The calculator incorporated into this app is based on a model developed by Kevin Hall, Ph. D., and a team of researchers at the National Institute of Health. It is a much more accurate model in determining energy expenditure and energy requirements for the purpose of weight management. It challenges the commonly held belief that eating 3,500 fewer calories or burning off that equivalent amount of energy through exercise will always result in a pound of weight loss.

Estimated Energy Requirements

Estimated Energy Requirement (EER) is an estimate of the average amount of food energy you need daily to balance out your body's expenditure of energy in order to maintain body size and composition at a level of physical activity consistent with long term good health.

Energy intakes above the EER would be expected to result in weight gain, whereas intakes below the EER would be expected to lead to weight loss.

The online calculator uses the Institute of Medicine equations to calculate EER. It covers all age groups, as well as pregnant and nursing mothers.

Waist to Hip Ratio

The amount of fat, but more importantly, where in your body that fat is stored can impact your health. If you have most of the body fat around the waist, you have an increased risk of high blood pressure, heart disease, diabetes and stroke compared with having the same amount of body fat around the hips and thighs.

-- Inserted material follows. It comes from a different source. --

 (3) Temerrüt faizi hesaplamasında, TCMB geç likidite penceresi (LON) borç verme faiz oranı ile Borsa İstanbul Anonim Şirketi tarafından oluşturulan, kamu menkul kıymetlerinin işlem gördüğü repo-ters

A common measure of fat distribution is the waist-to-hip (WTH) ratio. It is calculated by dividing the circumference of your waist by the circumference of your hips.

The waist-to-hip ratio, in some case, can be a better indicator of mortality risks than body mass index (BMI). You could possibly have too large of a waist, even though your BMI indicates a healthy weight. On the other hand, if you are muscular, a BMI may indicate an unhealthy weight.